Dantica's death comes amid heated political debate over the status of some 20,000 undocumented Haitians who are seeking "temporary protected status" to prevent them from being deported to Haiti.

"The government of the U.S. has hunkered down in a policy that says no Haitian at any cost will be treated evenly and fairly," said Jocelyn McCalla, director of the New York-based National Coalition for Haitian Rights. "It's a take no prisoners attitude."

In a letter to the Department of Homeland Security, U.S. Rep. Kendrick Meek, D-Miami, said Dantica's death "warrants higher level attention than it has received, particularly in the light of previous complaints about the treatment of Haitians."

Pratt and other immigration attorneys say the handling of Dantica's case is not so unusual under the tight post-Sept. 11 immigration regulations.

Unlike Cubans fleeing communism, who are allowed automatic entry if they reach U.S. shores, undocumented Haitians are routinely detained.

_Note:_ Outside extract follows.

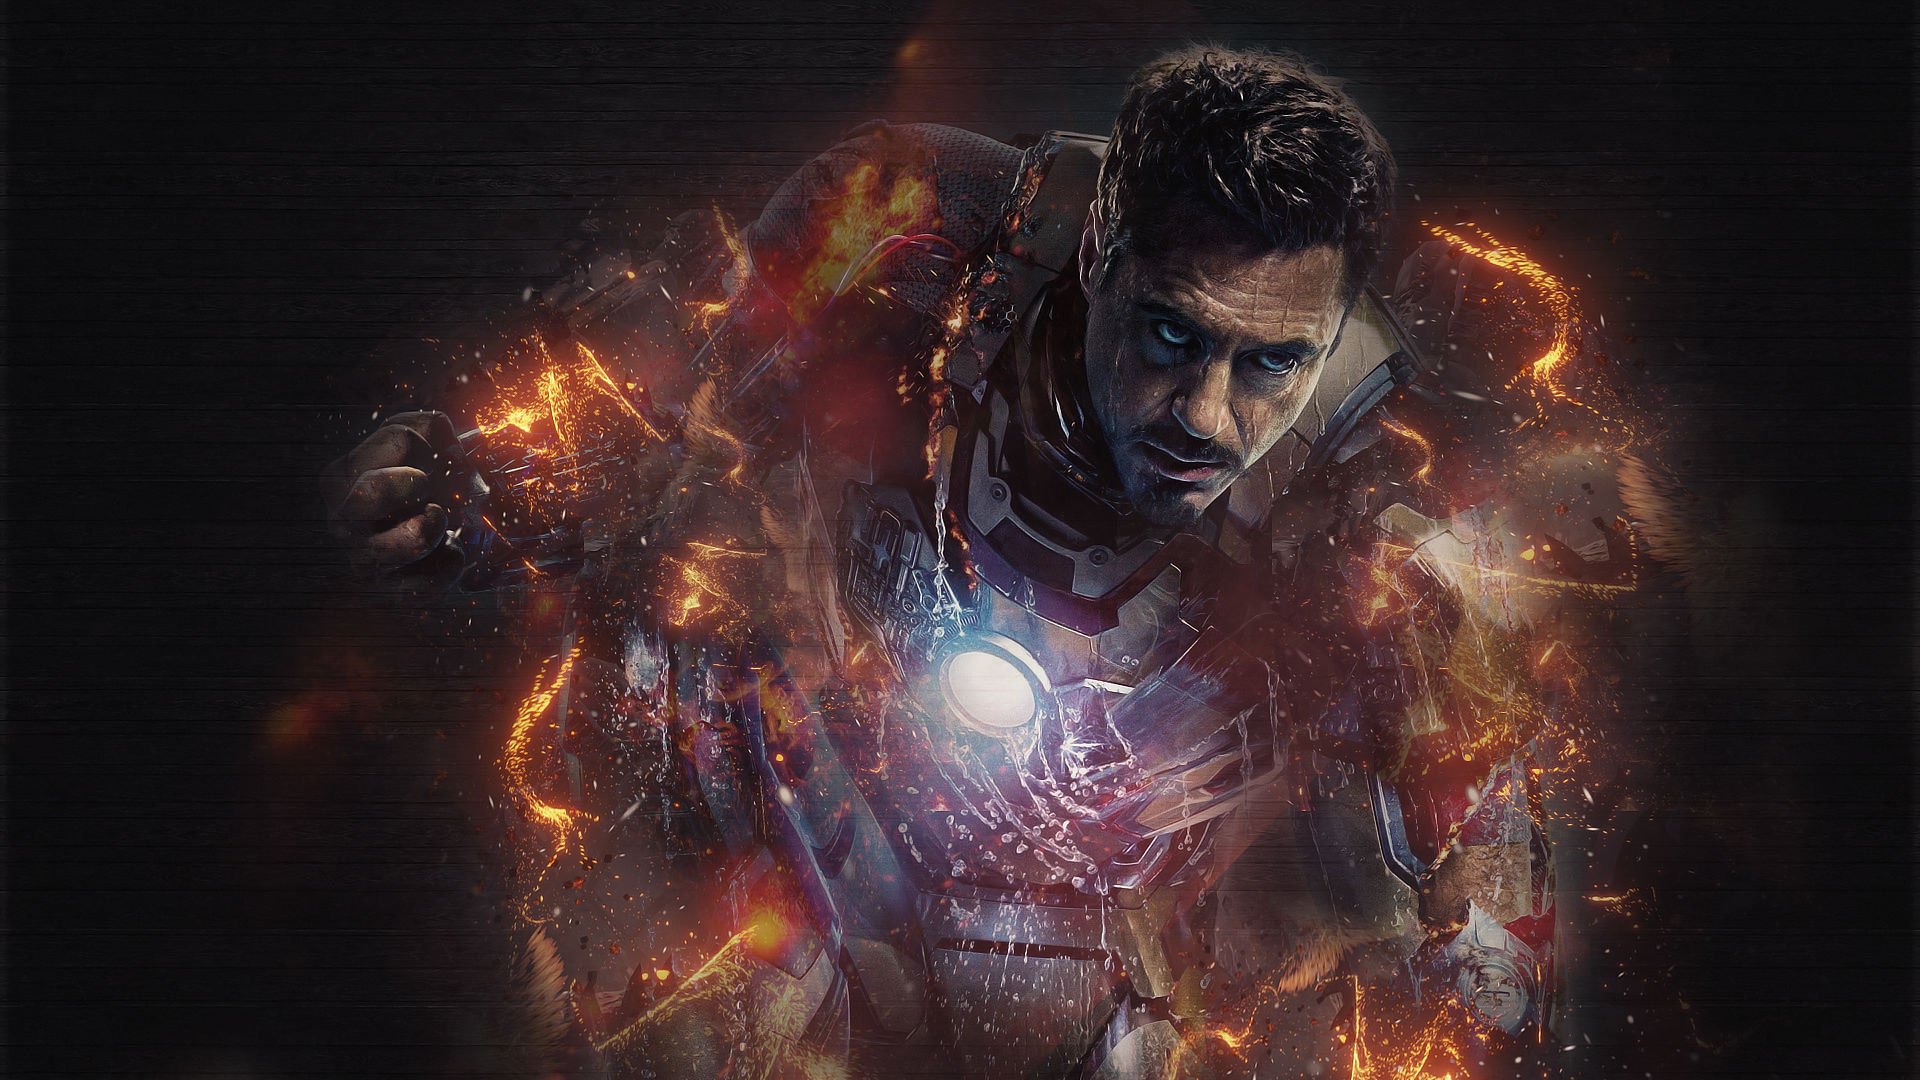 Iron Man Images Free Download 
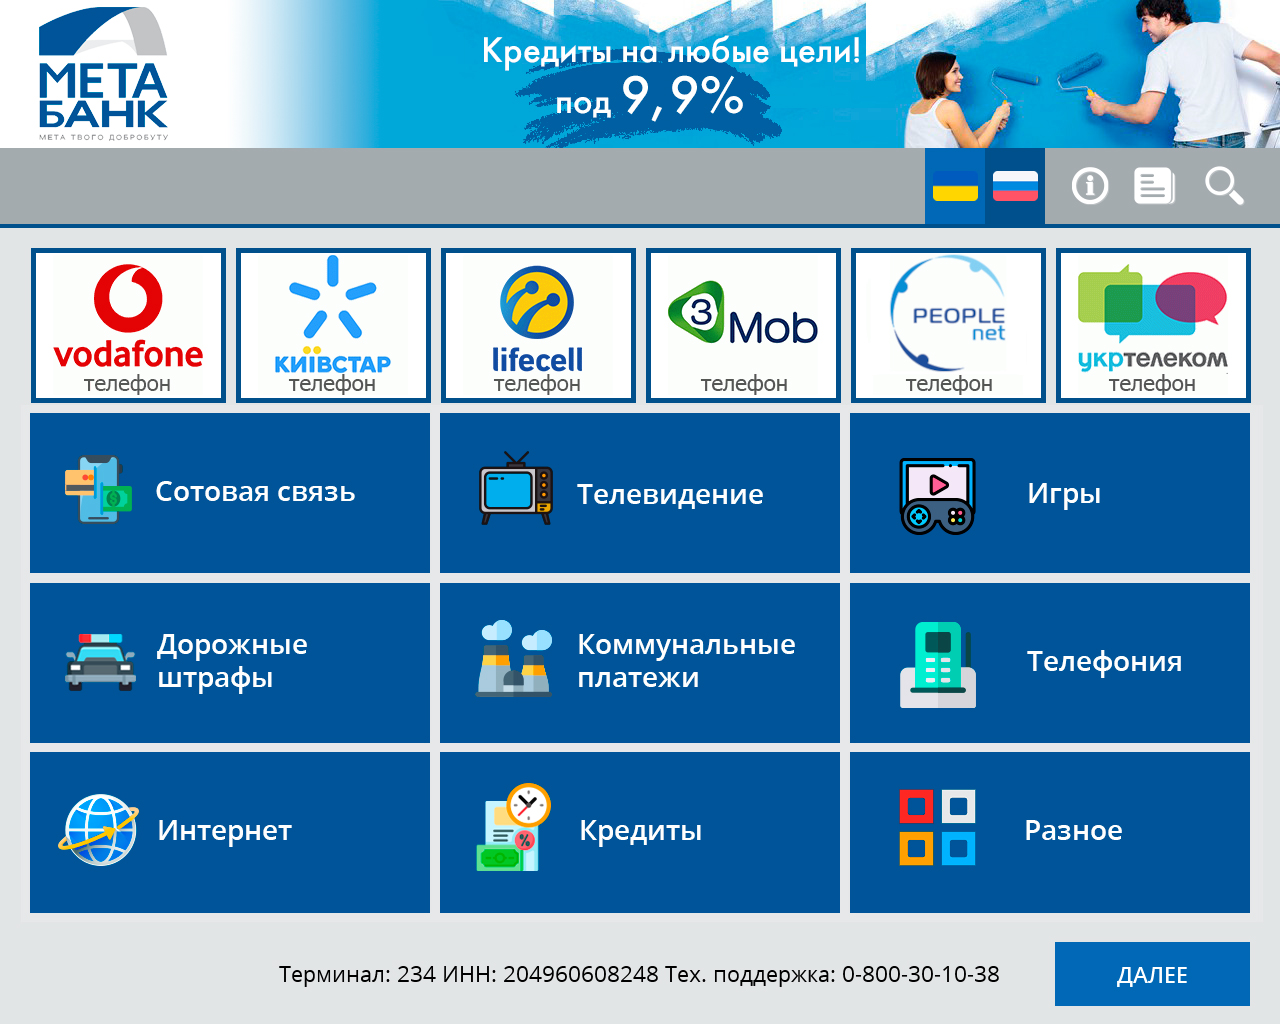 МетаБанк (Украина) автоматизирует прием платежей через сеть терминалов - рис.1

U.S. officials have gone as far as arguing that the Haitians represent a national security threat; Attorney General John Ashcroft recently cited intelligence reports that Muslim terrorists were trying to use Haiti to infiltrate the United States.

In Dantica's case, what most perplexes immigration rights advocates is Homeland Security's insistence on isolating him from his family.

Said Pratt: "To not allow a man who is 81 years old to spend the few remaining hours of his life with those closest to him - that's unconscionable."

* * *

Some relatives will be missing at Dantica's funeral in Brooklyn Saturday. The family says U.S. consular officials in Haiti rejected a visa application Wednesday by Dantica's sister, Anne-Marie, and three nieces.

At Thursday night's wake, Danticat fondly recalled how Uncle Joseph raised her in Haiti after her parents left for the United States. Though many of his relatives moved to the United States, she said the pastor remained committed to his work. "He never expressed any desire of coming here."